## WHAT YOU HAVE TO DO
Repeat the listing word for word, but skip any pictures.

## DATASET EXTRACT
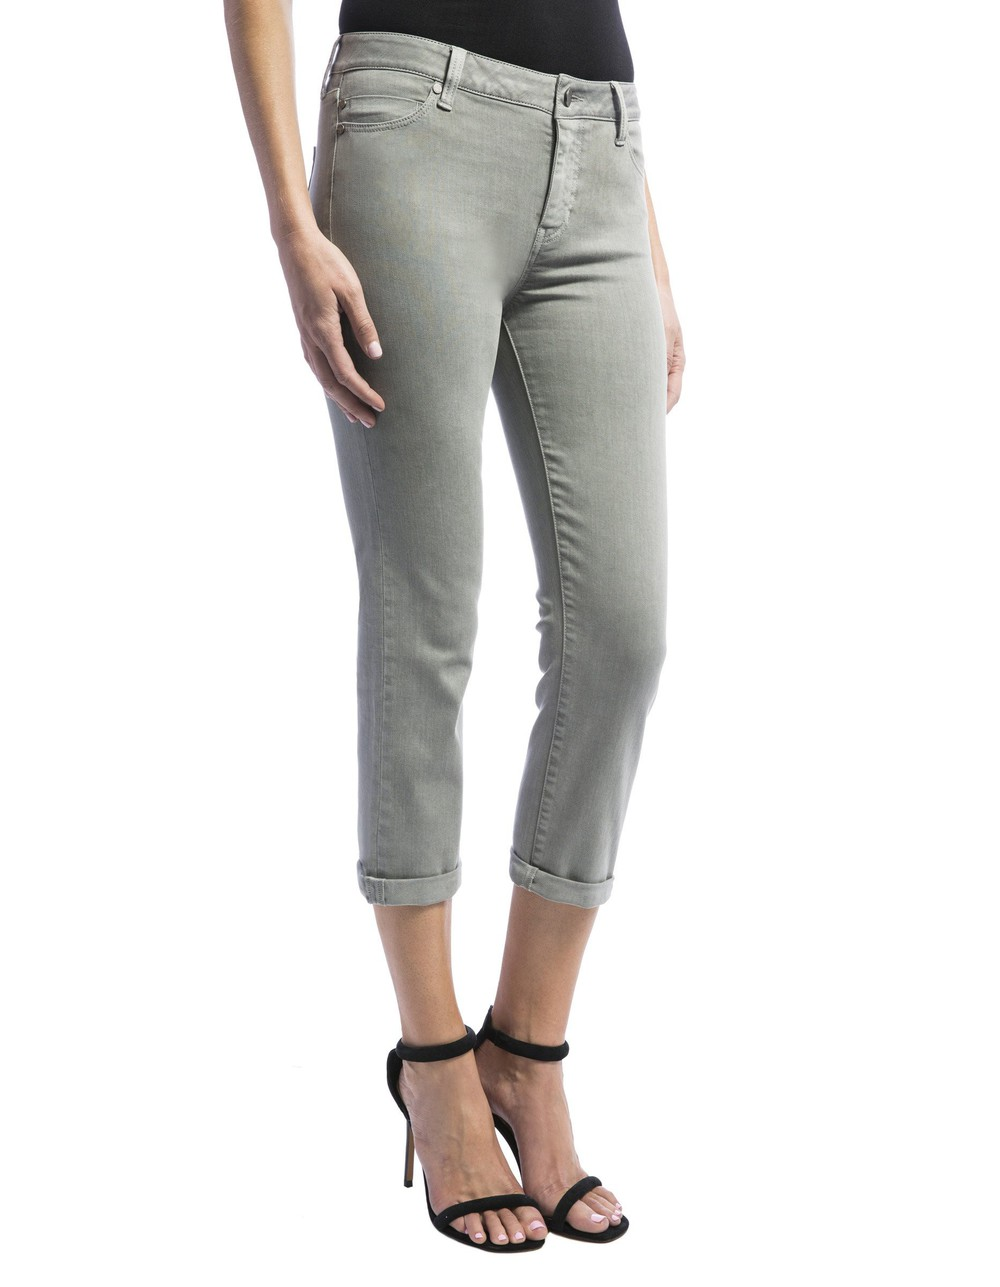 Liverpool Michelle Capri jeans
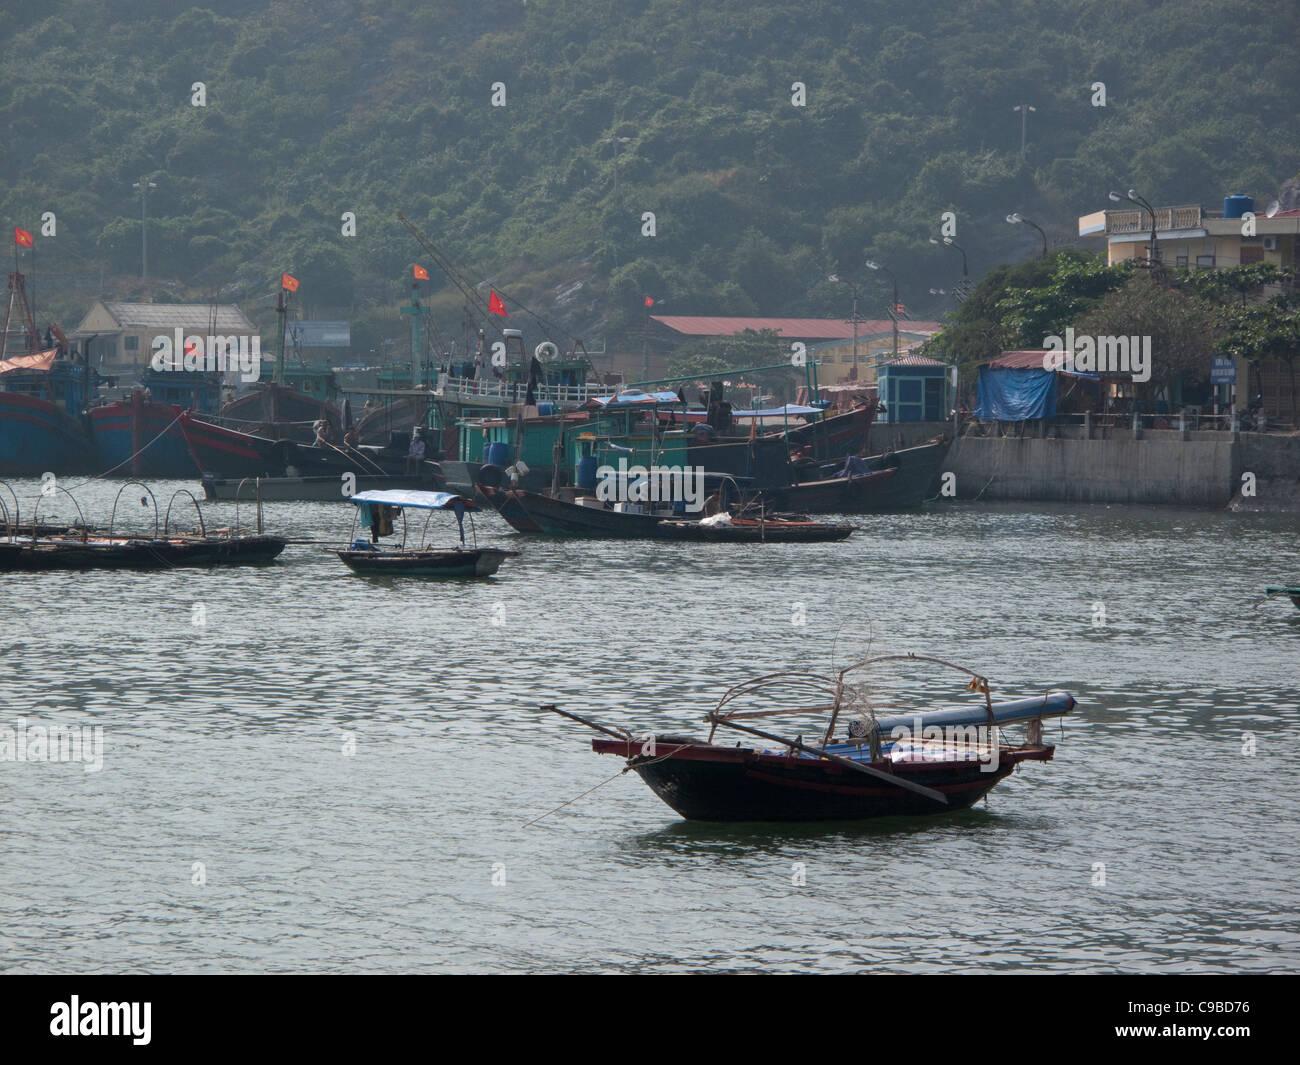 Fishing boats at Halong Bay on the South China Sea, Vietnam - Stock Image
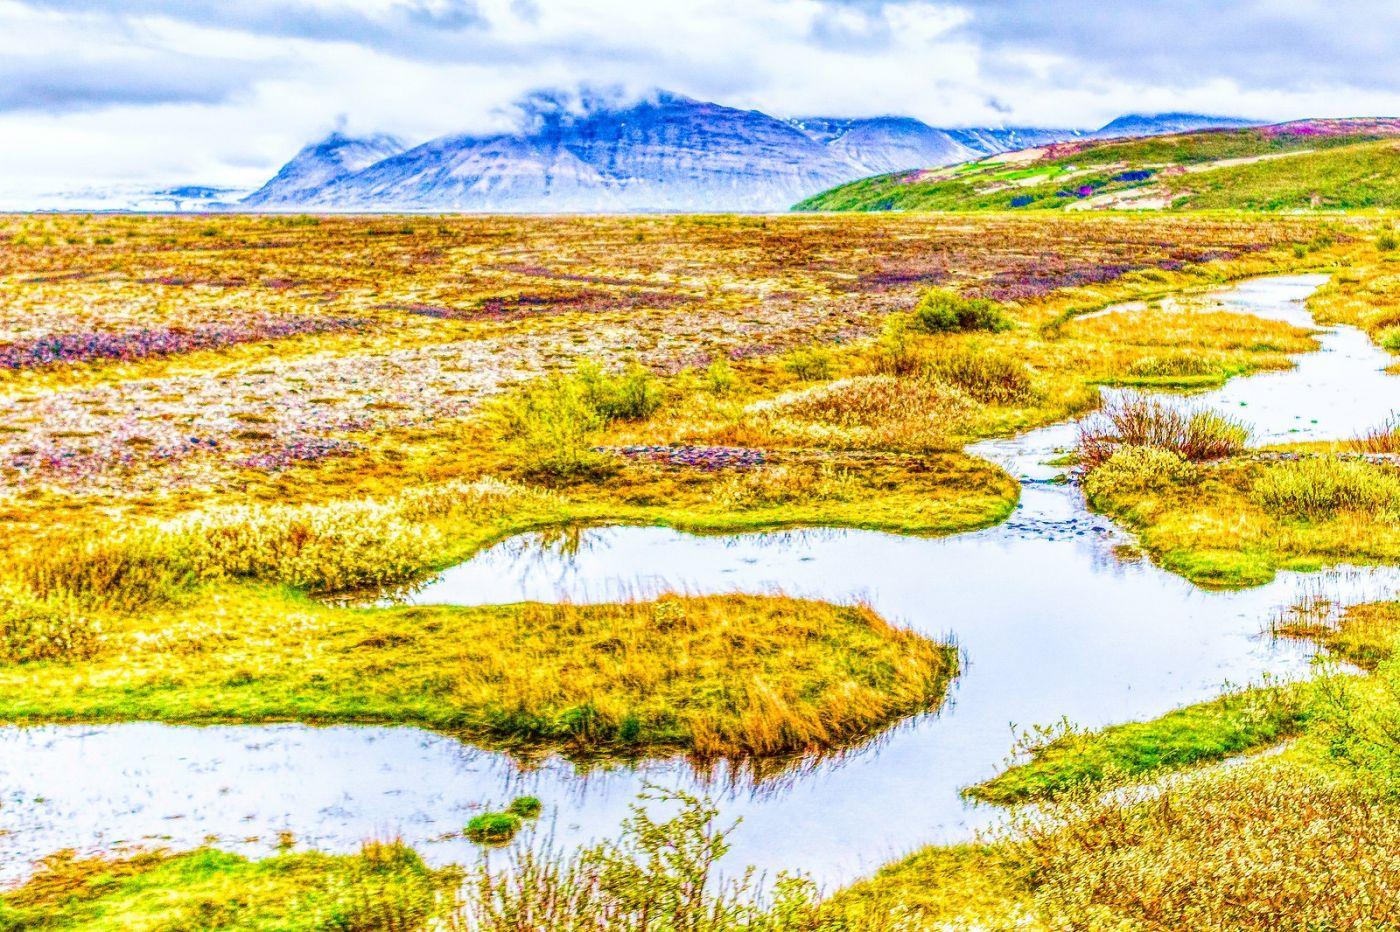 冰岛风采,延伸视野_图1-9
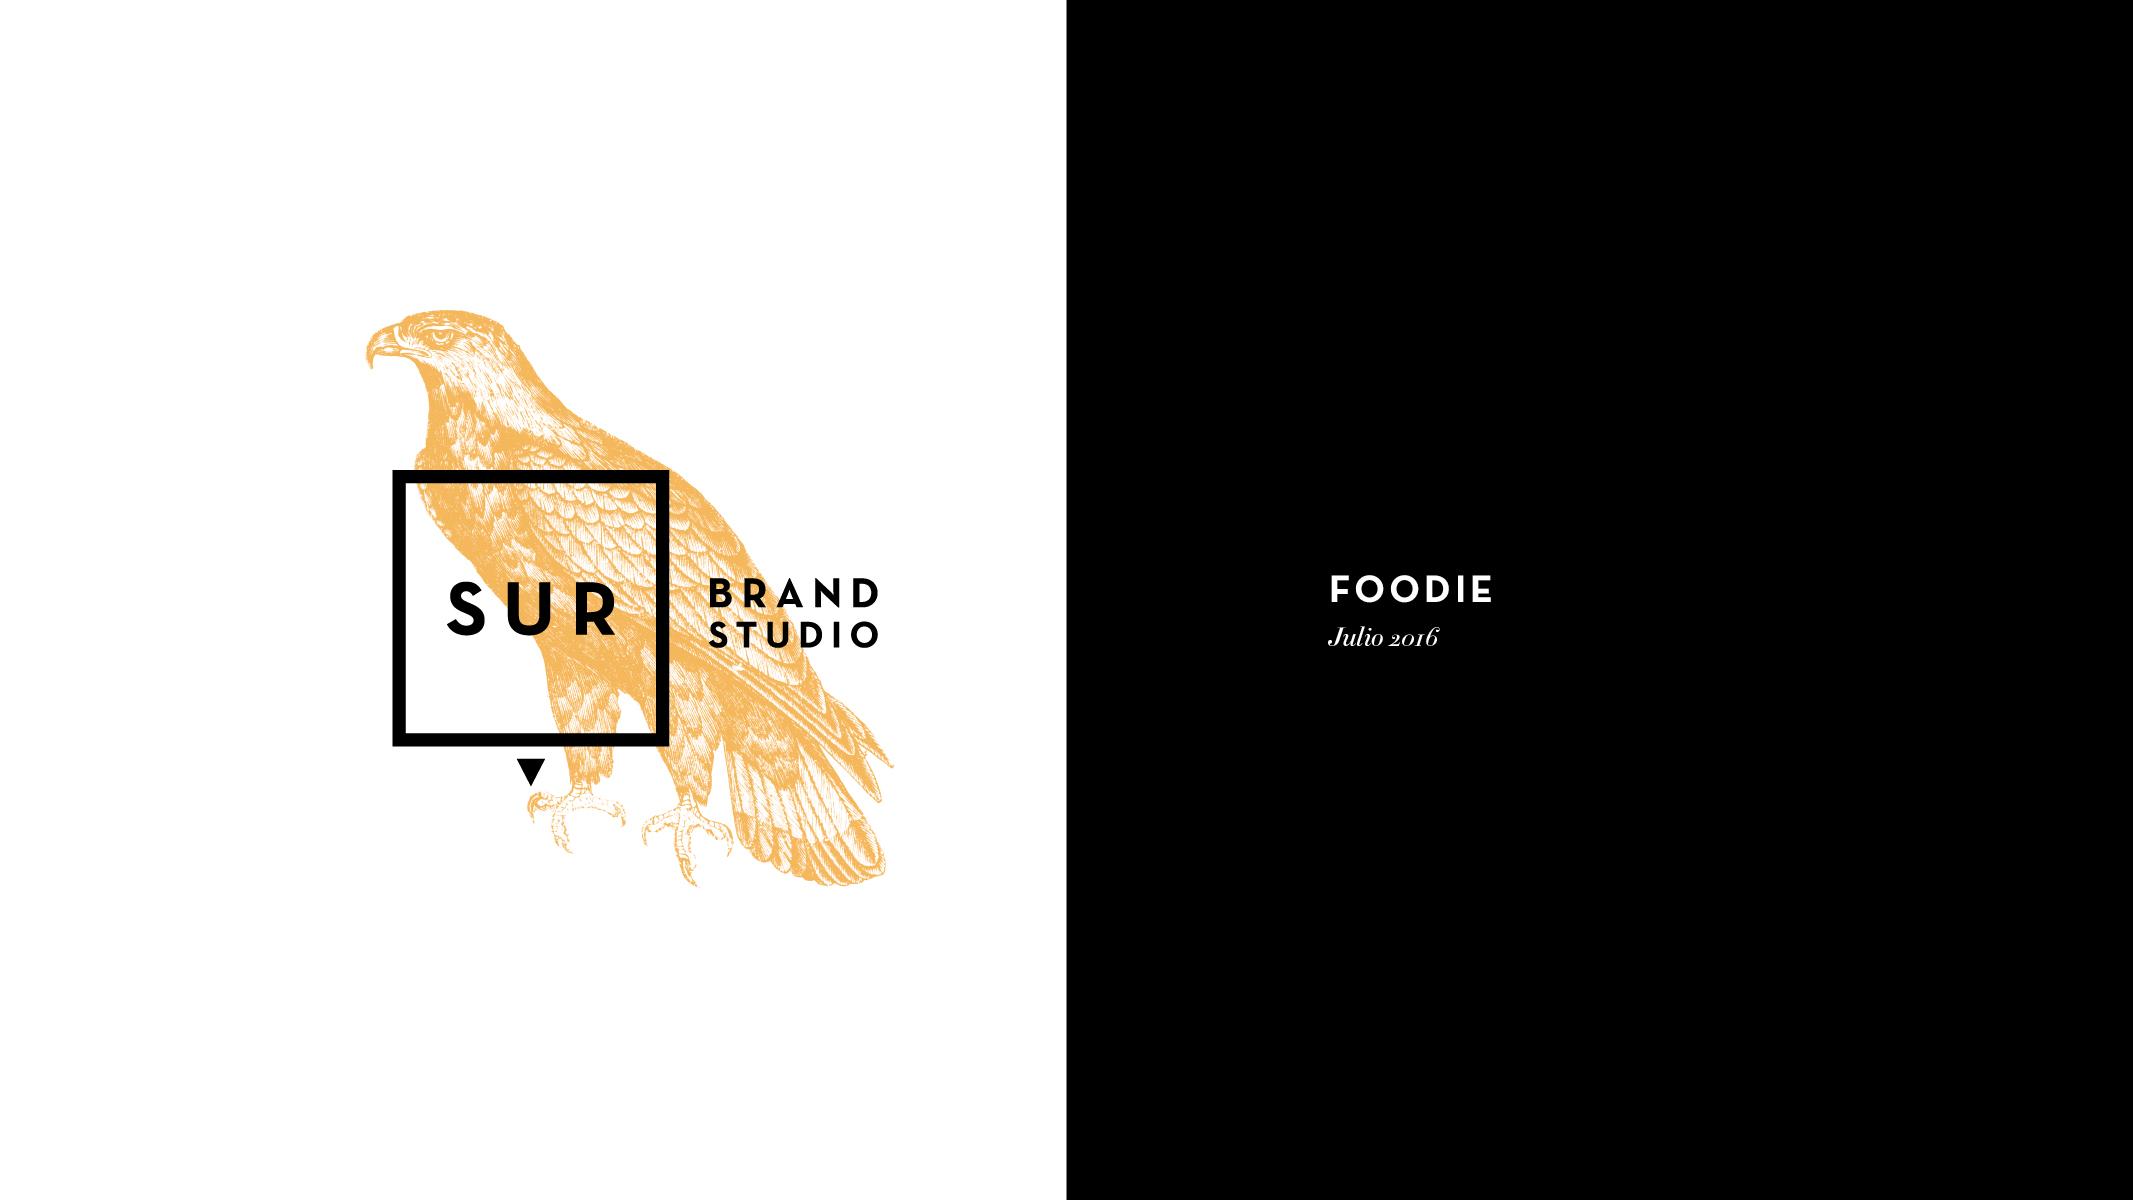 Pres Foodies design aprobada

## SOLUTION TO THIS PROBLEM
 Liverpool Michelle Capri jeans
 Fishing boats at Halong Bay on the South China Sea, Vietnam - Stock Image
 冰岛风采,延伸视野_图1-9
 Pres Foodies design aprobada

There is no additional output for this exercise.